Постараться раскрыть глубокое и необходимое, отвергнув мнимое, не впадая в смысловые каскады, когда надо, потому что повсюду наблюдаются настроения перепады, особенно когда в вагоне метро смущают взгляды, сверлящие тебя до упаду, и спрашивается, что им надо, чтобы вонзать в тебя глазами гвозди распада всего, что находится рядом, прошивая тебя этими гвоздями взгляда до перепонок тоски одинокого типа, сущность которого не испита сквозь сито, через которое только и видно глубокое и необходимое, пролетающее днями, часами, столетьями мимо, вот уж действительно, что необходимо, так это пробираться утайкой мимо.

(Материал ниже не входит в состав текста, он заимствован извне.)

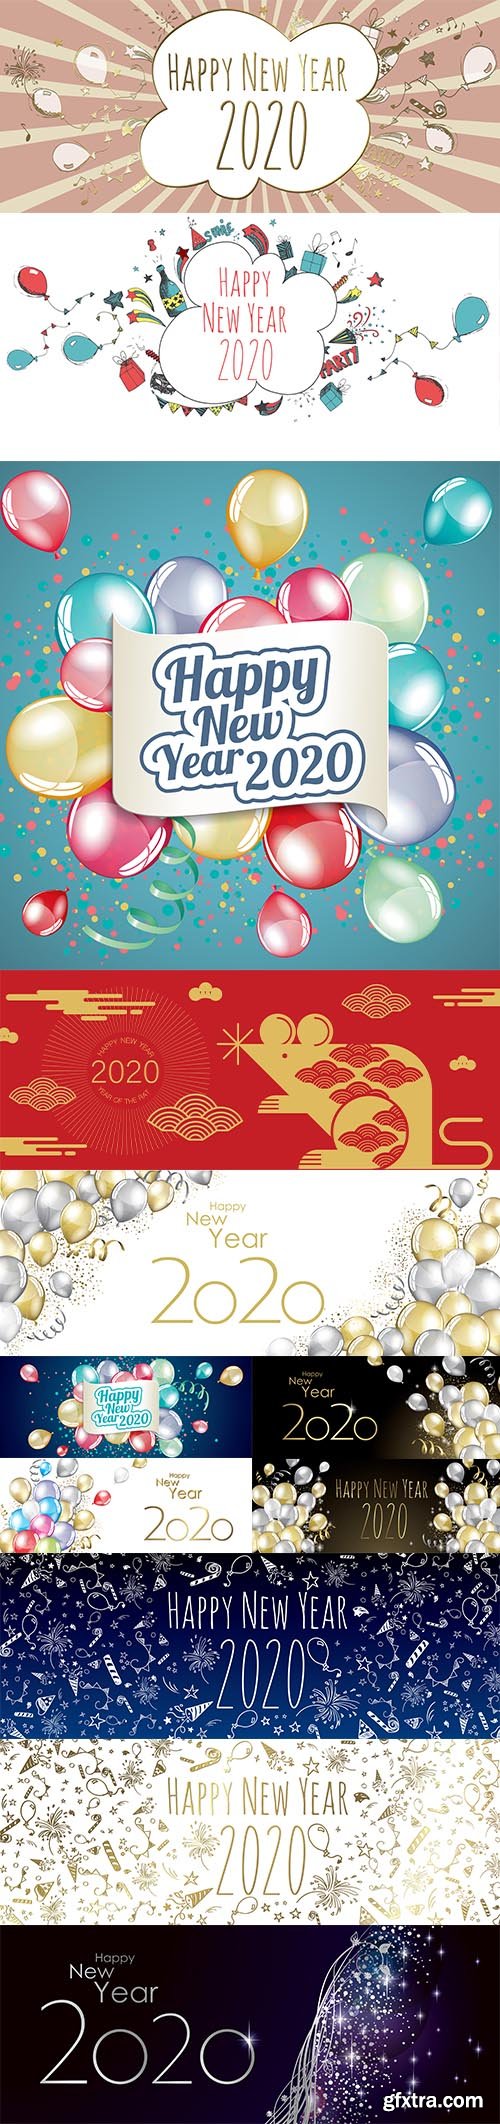 Merry Christmas and Happy New Year 2020 Illustrations Set 3
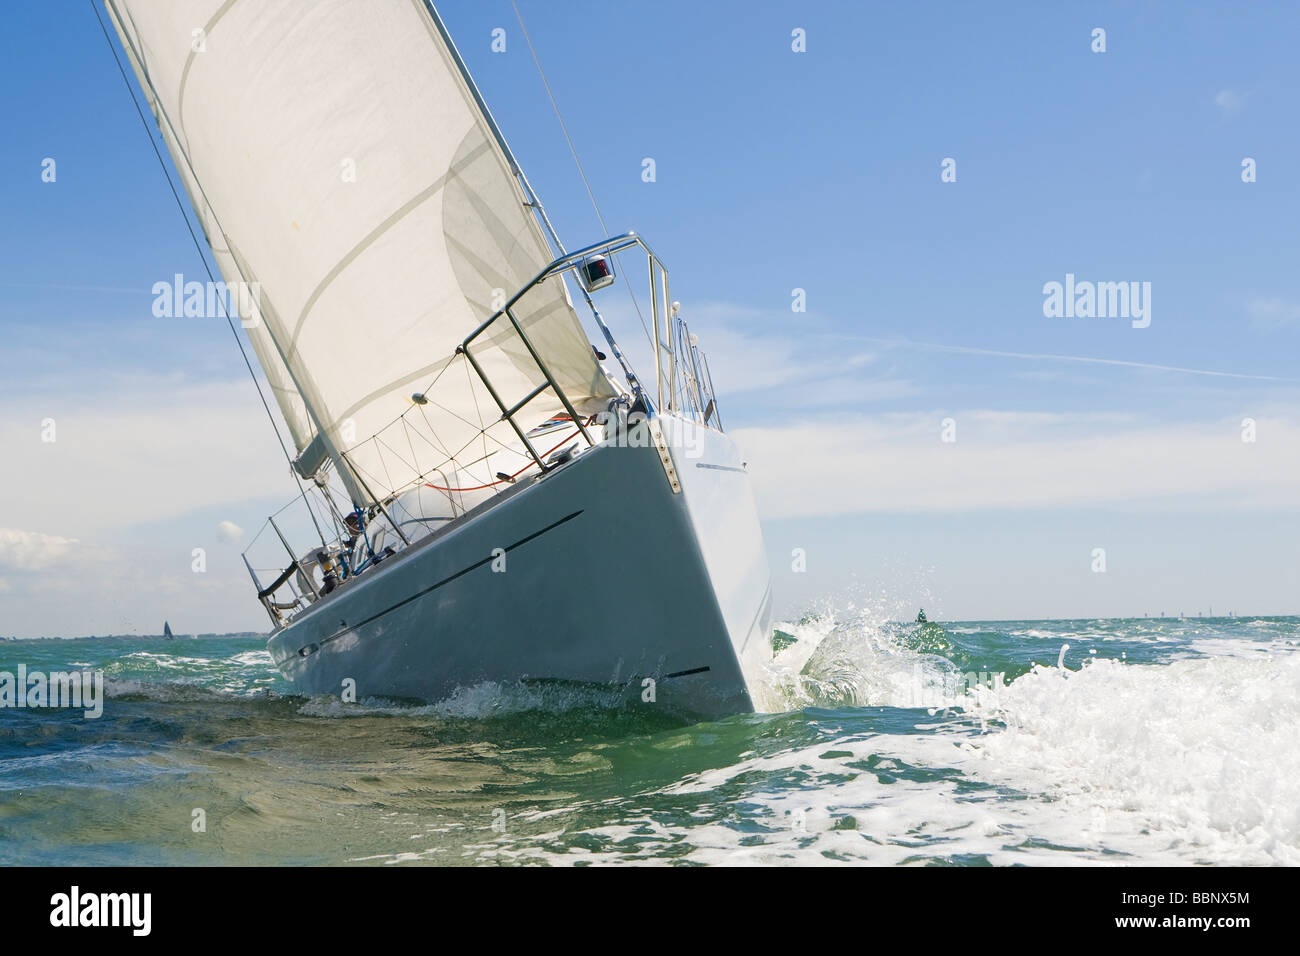 A beautiful white yachts racing close to the camera on a bright sunny day Stock Photo

Всему есть срок и наслажденье, и Тимофеевскому чтенье на утро предлагаю я, его душа полна волненья от высоты стихотворенья пока в окне горит свеча, не спит поэт, в раздумьях бродит о том, куда торопит слог, вскрывая то, что непостижно, что невозможен диалог, одни и те же фазы из года в год, одни и те же ритмы то ямбом, то хореем поёт седой старик, а, может, амфибрахий проклюнется на миг, за дактилем поскачет гекзаметром старинным, в анапест удаляясь, вот так, меж полюсами с контактом в плюс и минус, себя встречаю на карнизе, как будто жизнь идёт вторая, взор устремляя к небу снизу, и надо мной людская стая, лиц удивлённых поворот над головой который год.
Земля черна, вся без травы, декабрь в Москве осенний в полутьме, ночною изморозью светится тропинка у реки, она спешит полого вниз петлистым светом, намёк на снег, его в помине нету, как в чёрный день, когда поддатый Мармеладов топтал тропу меж лошадиных морд, во весь аккорд играл желтком зловещий Петербург, чтобы шагнуть в московскую столицу, летящую во мраке ночи птицей от Сокола в Сокольники, ничуть не сомневаясь в собственном успехе, сменив доспехи вражеских кольчуг на фраки и смычковый полукруг дворянского собрания, вокруг которого всё время мчатся тройки, и в каждой восседает милый друг всем нынешним делягам Чичиков, скупая вопреки советам мёртвых живые души новых прощелыг.
Ожидание чего-то, например, выхода книги, успеха на литературном вечере, дня рождения, Нового года и так далее, сильно тормозит регулярное творческое действие, поскольку из ожидающих, как правило, писателей не получается, ибо они сразу себя повязывают накрепко с людьми, от которых, якобы, зависит их судьба, но творчество ни от кого не зависит, кроме как от самого себя, поэтому настоящий писатель пишет то, что считает для себя необходимым, никого не ожидая, работает изо дня в день, постоянно повышая мастерство, ориентируясь на высочайшие образцы мировой классики, полностью погруженный в свой созидаемый мир, называемый Книгой, которая встанет на полку вечности рядом с Гоголем и Мандельштамом…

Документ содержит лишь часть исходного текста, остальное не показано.